_Supplied data:_

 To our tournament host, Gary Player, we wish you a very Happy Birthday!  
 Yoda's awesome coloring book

* * *

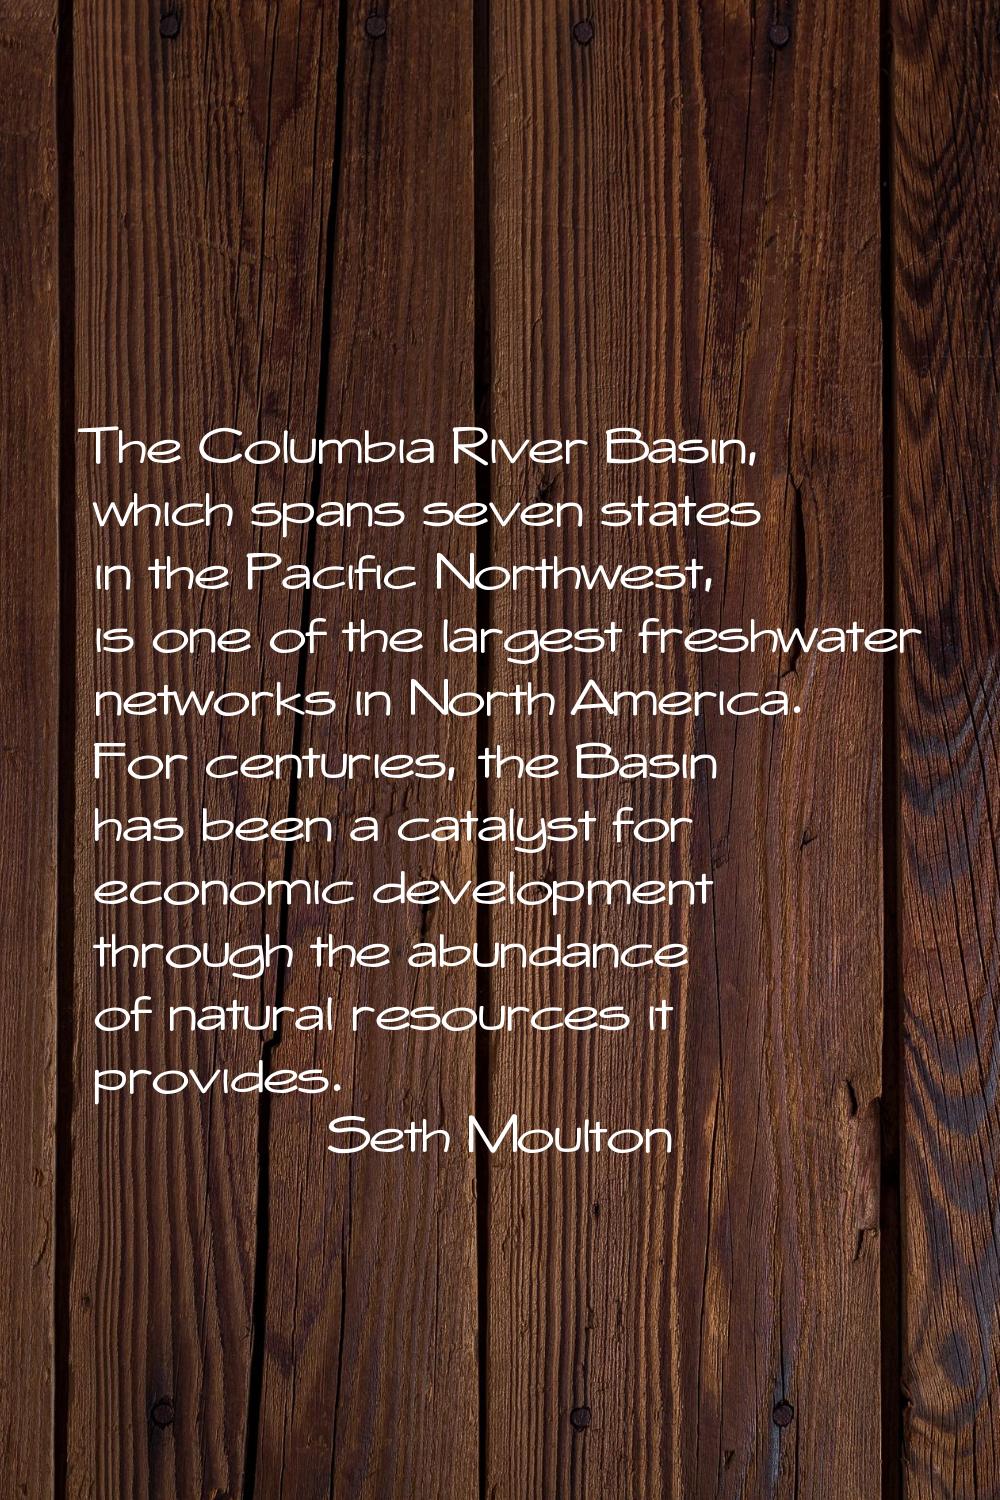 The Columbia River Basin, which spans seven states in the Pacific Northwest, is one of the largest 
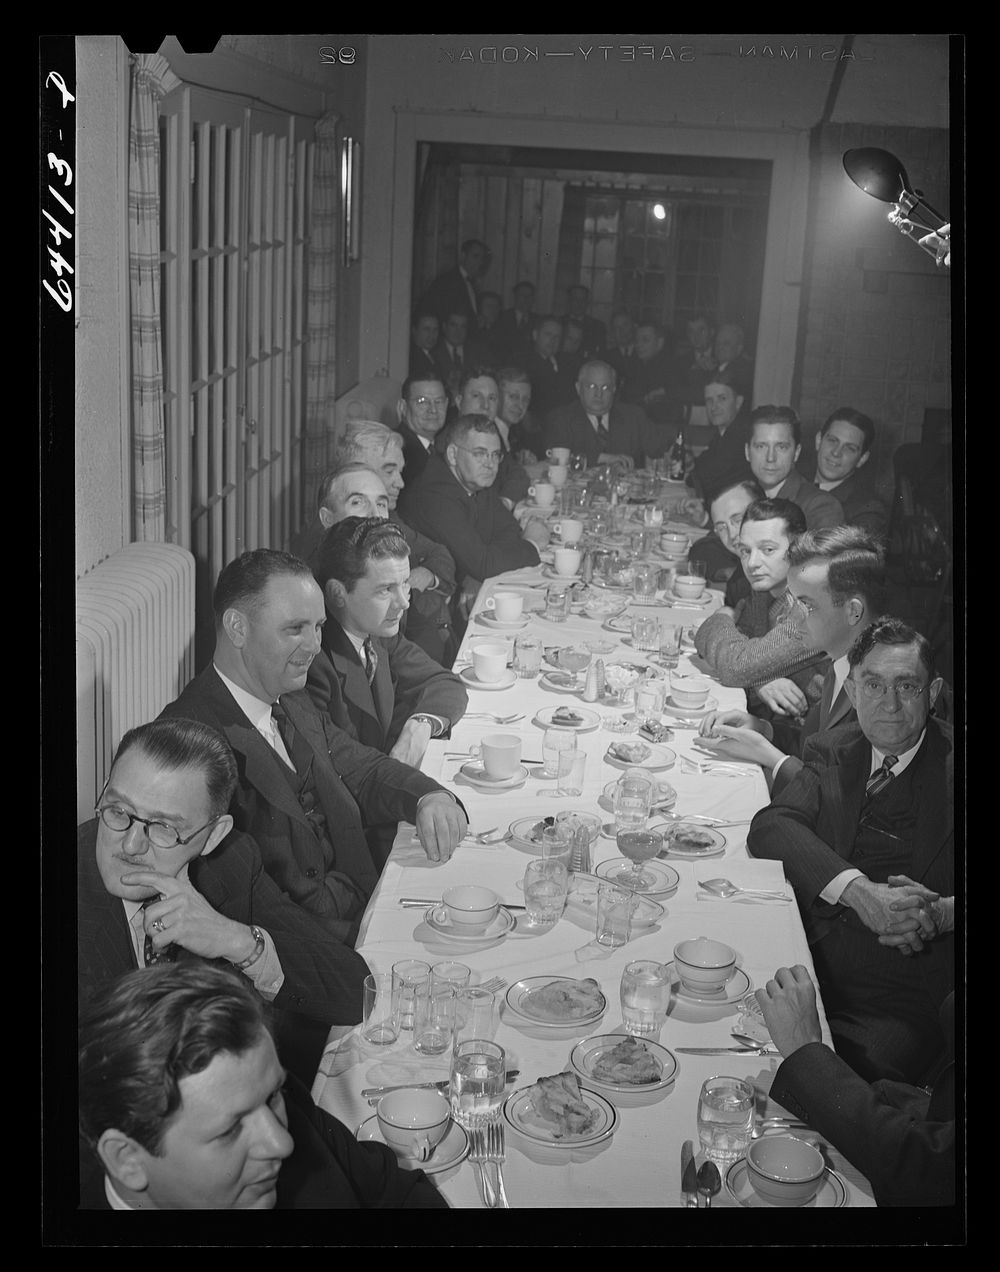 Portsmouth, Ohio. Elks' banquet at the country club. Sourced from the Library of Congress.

_What you need to do:_
Transcribe only this stretch of the data: the line with "The Columbia River", the line with "Portsmouth, Ohio. Elks'", and every line in between. Leave out the pictures.

_The completed task:_
 The Columbia River Basin, which spans seven states in the Pacific Northwest, is one of the largest 
 Portsmouth, Ohio. Elks' banquet at the country club. Sourced from the Library of Congress.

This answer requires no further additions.